Velocity Reviews - Computer Hardware Reviews

Velocity Reviews > Newsgroups > Programming > Python > Oddity with large dictionary (several million entries)

Reply
Thread Tools

Oddity with large dictionary (several million entries)

 
 
Lothar Werzinger
Guest
Posts: n/a
 
      04-27-2010
Hi,

I am trying to load files into a dictionary for analysis. the size of the
dictionary will grow quite large (several million entries) and as inserting
into a dictionary is roughly O(n) I figured if I loaded each file into it's
own dictionary it would speed things up. However it did not.

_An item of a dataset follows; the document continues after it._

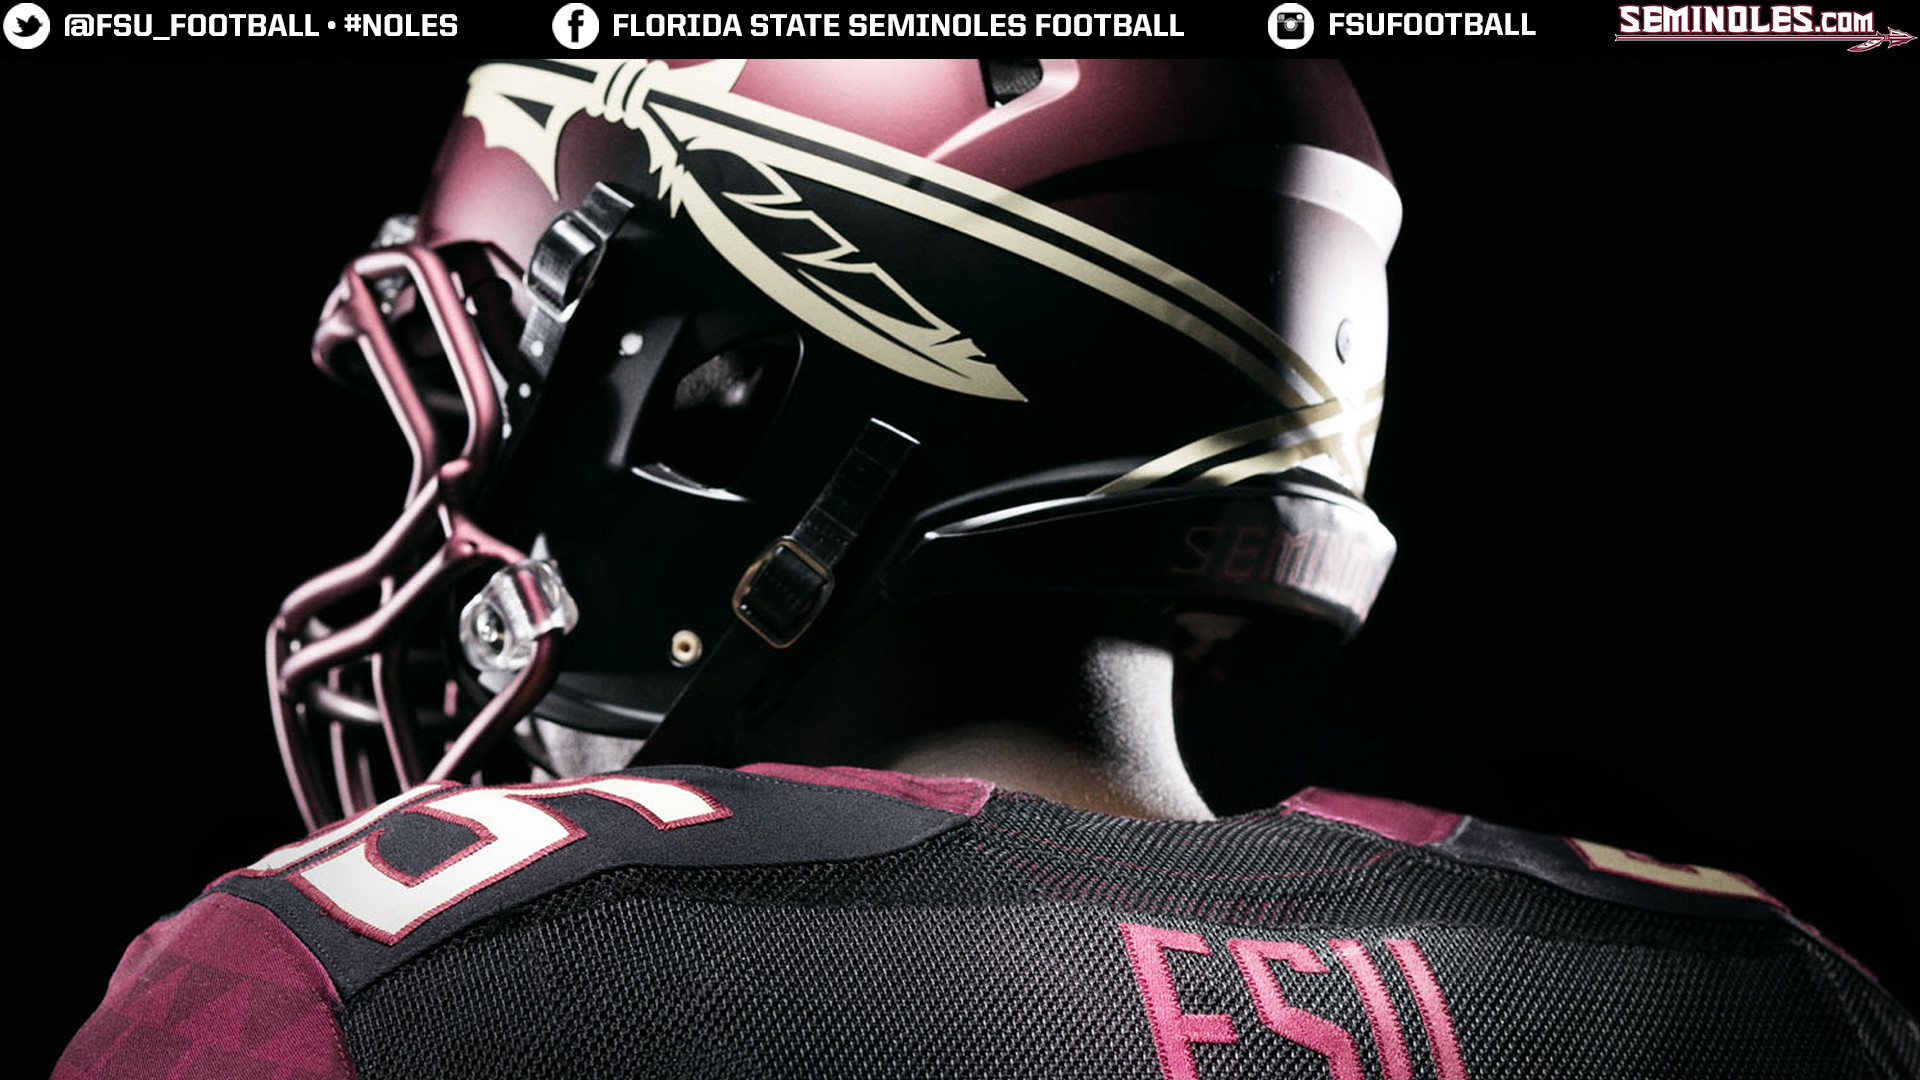 COM DESKTOP WALLPAPERS – Florida State Seminoles Official .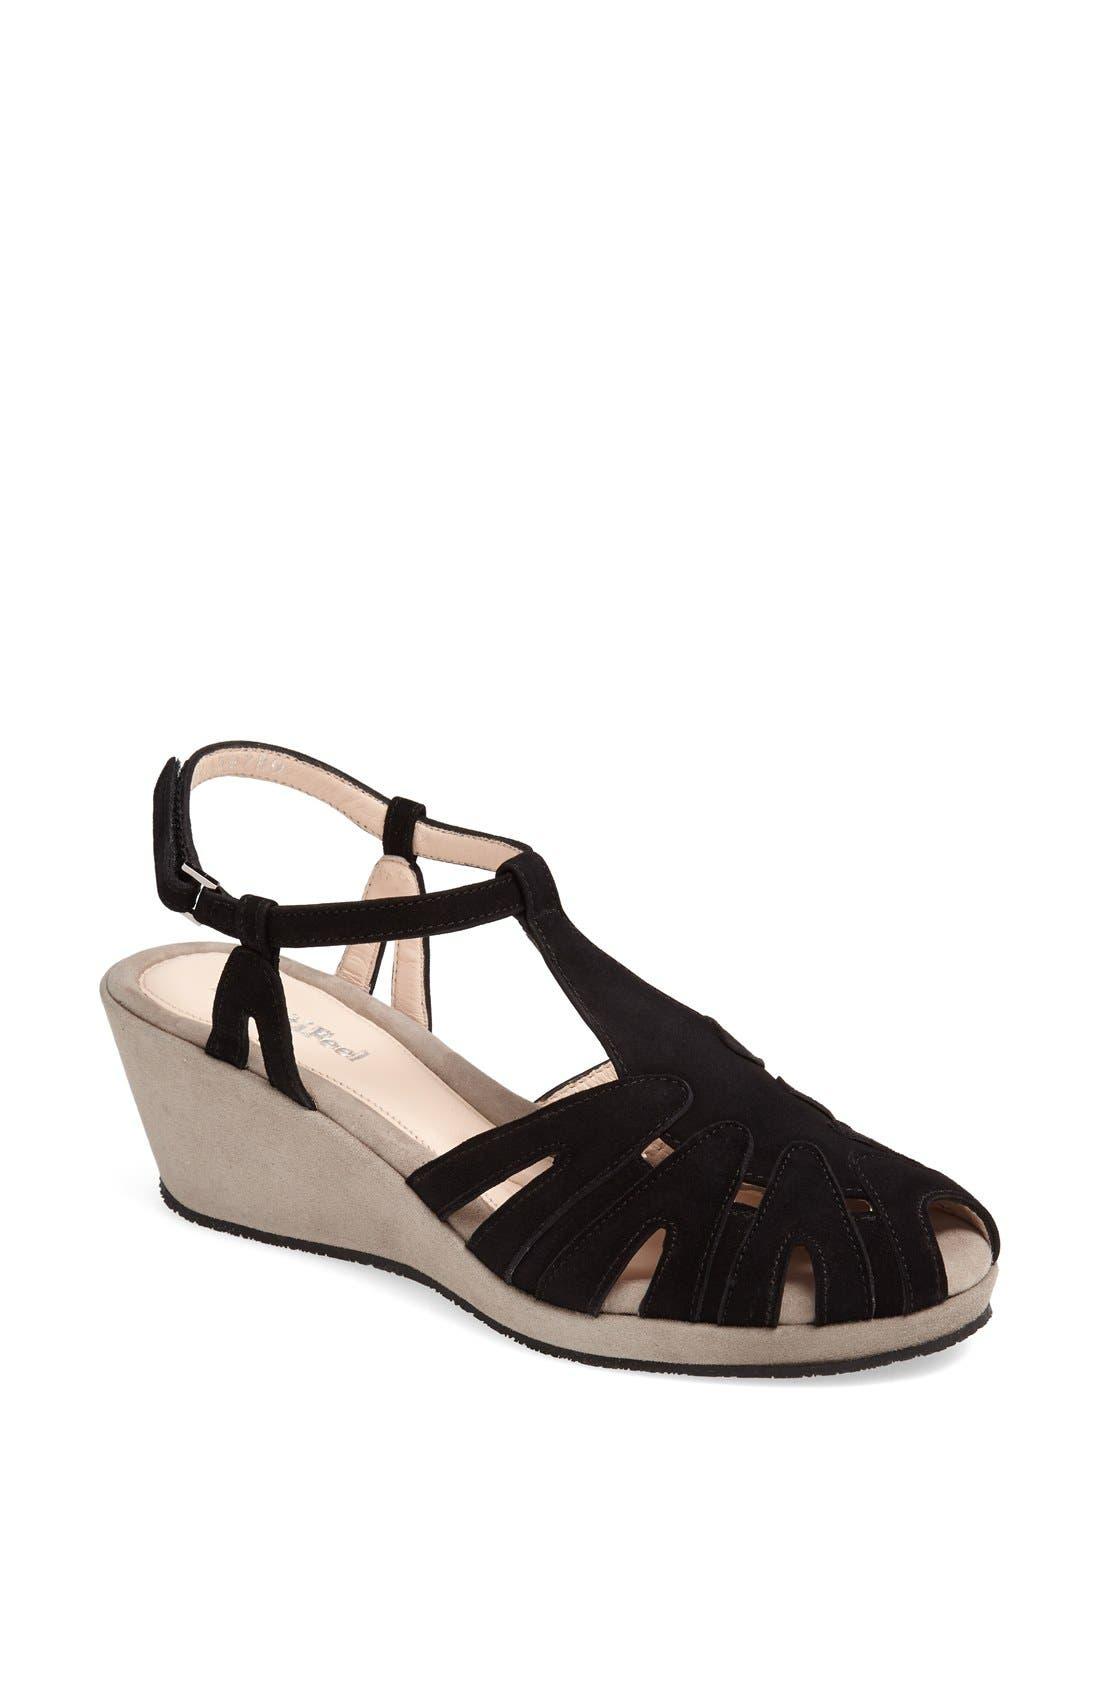 Alternate Image 1 Selected - BeautiFeel 'Candy' Sandal

So I decided to write a small test program (attached)

As you can see I am inserting one million entries a time into a map. I ran
the tests where I put all three million entries into one map and one where I
put one million each into it's own map.

What I would have expected is that if I insert one million into it's own map
the time to do that would be roughly constant for each map. Interestingly it
is not. It's about the same as if I load everything into one map.

Oh and I have 4G of RAM and the test consumes about 40% at it's max. I even
run the test on one of our servers with 64G of RAM, so I can rule out
swapping as the issue.

Can anyone explain this oddity? Any insight is highly appreciated.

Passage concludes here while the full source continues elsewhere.